Profit before tax doubled compared to the previous year, reaching $122 million. The year witnessed an expansion in AviLease’s portfolio, reaching 202 owned and managed aircraft, leased to over 50 airline companies in more than 30 countries. 

The total value of the company’s assets stabilized at $9.3 billion. AviLease maintained a 100 percent fleet utilization rate, reflecting the resilience of its business model, the efficiency of its asset management, and the strength of its strategic relationships with airlines around the world.

AviLease concluded purchase agreements for aircraft from Airbus, including the A320neo family and A350F, and Boeing 737 aircraft, aiming to enhance its future asset portfolio with modern, fuel-efficient aircraft. This step will contribute to supporting future growth and meeting increasing customer demand for the latest aircraft, aligning with the Kingdom’s ambitions to become a leading global aviation hub.

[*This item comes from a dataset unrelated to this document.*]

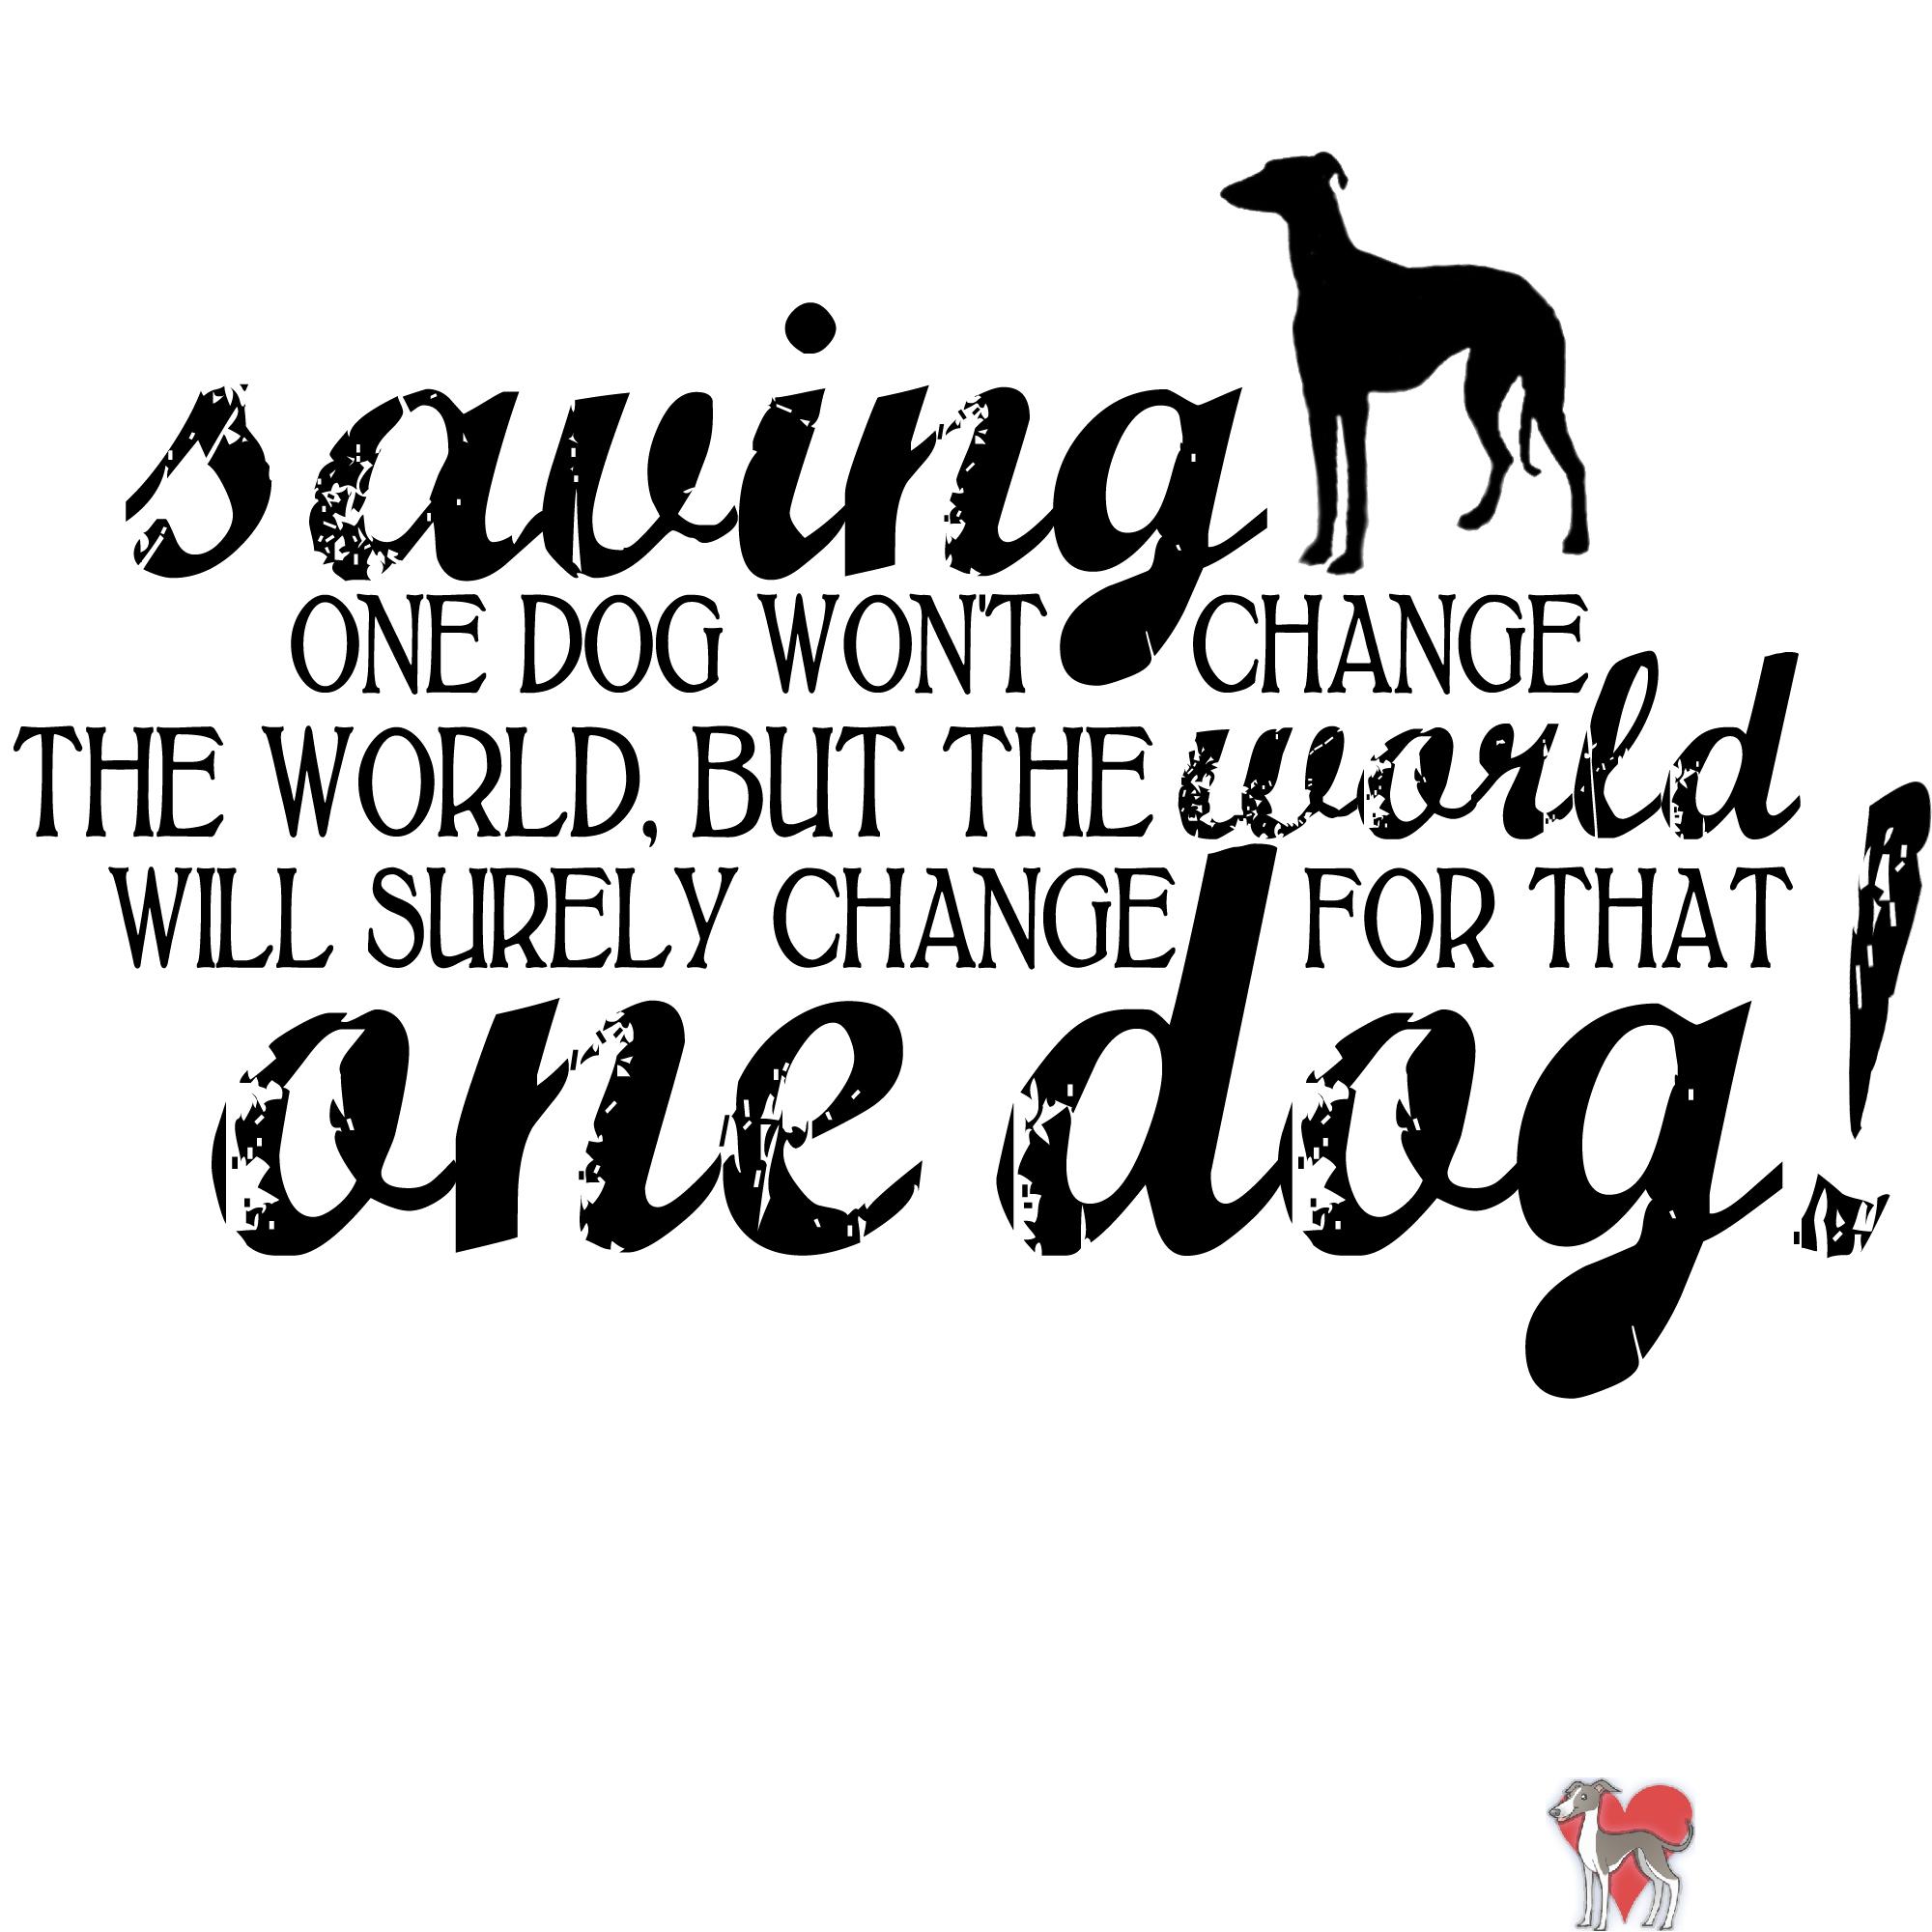 Save a dog shirt

AviLease strengthened its prestigious credit standing by obtaining a strong Baa2 credit ratings from Moody’s and BBB from Fitch, reflecting its financial solidity, managerial discipline, and efficiency in managing leverage. The company also successfully issued senior unsecured bonds worth $850 million last November under Regulation 144A/RegS. This issuance contributed to diversifying its funding sources and enhancing its financial flexibility.

Commenting on the results, AviLease CEO Edward O’Byrne said: “This exceptional performance reflects the quality of the company’s investment portfolio, the strength of its partnerships with airlines, and its strategic focus on responsibly deploying capital into highly sought-after, efficient, modern aircraft assets.”

He added: “As aviation markets continue to grow, AviLease is strategically positioned to continue its expansion plans and deliver sustainable long-term value for shareholders, contributing to the Kingdom’s ambitions.”

Throughout 2025, AviLease continued to play a pivotal role in the Kingdom’s growing aviation sector and contributed directly to the launch and scaling of the new national carrier, Riyadh Air, by completing a sale and leaseback transaction for a Boeing 787-9 aircraft, which thereby became the first aircraft to join the airline’s fleet.

AviLease also established a strategic partnership with Hassana Investment Co. This partnership aims to provide an opportunity for local and international investors to enter the aircraft financing asset class and benefit from AviLease’s technical expertise and operational capabilities to support partnership growth and enhance performance. 

Hassana Investment Co. has agreed to acquire an initial portfolio of 10 modern aircraft from AviLease.